У меня ничего не ёкнуло, когда я предлагал предать нашего вроде бы союзника, гетмана Конашевича Сагайдачного. Он давно уже вёл свою игру и, пока ослаблял нашего общего врага, был полезен; теперь же становился опасен. К тому же продолжение смуты в украинных воеводствах, которые вполне могли и в Литву вернуться, если кто-то из Вишневецких на великокняжеский престол взойдёт, было уже вредно.
— Вы и правда одарены не только как полководец, — покачал головой Сапега, — но и как политик. Литва в вашем лице потеряет весьма сильного князя, который мог бы привести её к подлинному величию.
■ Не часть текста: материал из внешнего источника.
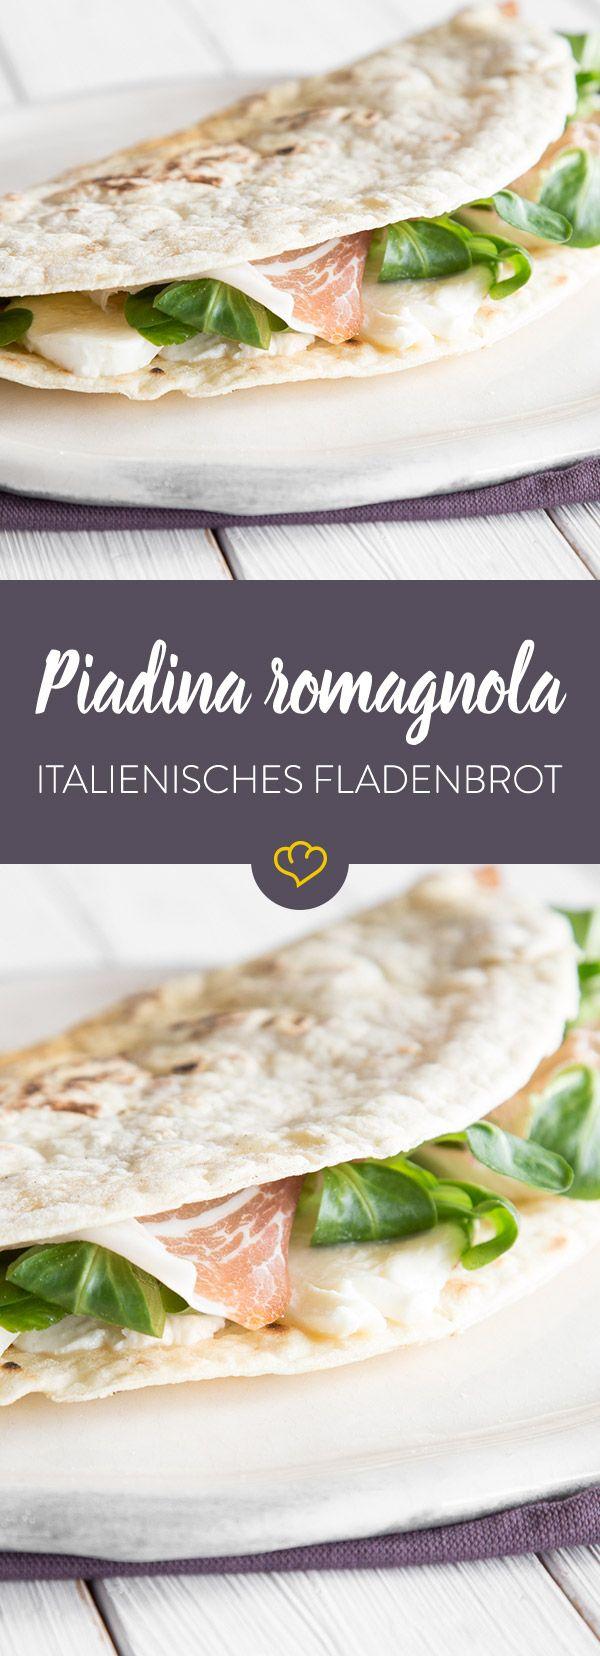 Das gefüllte Fladenbrot kommt ursprünglich aus der Emilia Romagna und gilt mittlerweile als eines der beliebtesten Streetfoods in ganz Italien.

Кажется, в голосе его не было и тени иронии, лишь сожаление об упущенных возможностях.
— Вот поэтому и возвращаюсь домой, — ответил ему я. — Я русский человек, московит, если вам, Лев Иваныч, так угодно, не литовец и тем более не литвин. Здесь мне всё чужое: и это платье, вроде и похожее на русское, и отличное от него, и язык, что звучит похоже, но иначе. — А ведь я за эти полгода уже начал вполне сносно изъясняться на здешнем языке, не просто понимать, но говорить мог свободно, да и думал порой на литовском. — Я много сделал для Литвы, Лев Иваныч, но куда больше должен сделать для Родины.
— Но ведь здесь вам благодарны, — возмутился он, — а на Родине отправили в опалу! И это после того, как вы спасли царя и столицу!
— Родина, Лев Иваныч, она как мать, — пожал плечами я. — Какая бы дурная ни была, а она родила тебя, и потому её любишь всё равно. И когда она истекает кровью, не можешь оставаться в стороне.
Лев Сапега пробурчал себе под нос что-то про московитов, которых ему никогда не понять, но дальше спорить не стал. Слишком хорошо знал меня, а потому предпочёл откланяться и заверил на прощание, что в Литве моих заслуг никогда не забудут.
Я же отправился спать, и уже лёжа в кровати, думал вовсе не о Литве и её судьбе, не о том, как вернусь в Русское царство и что там застану, а о том, что скоро смогу сбрить опостылевшие уже усы.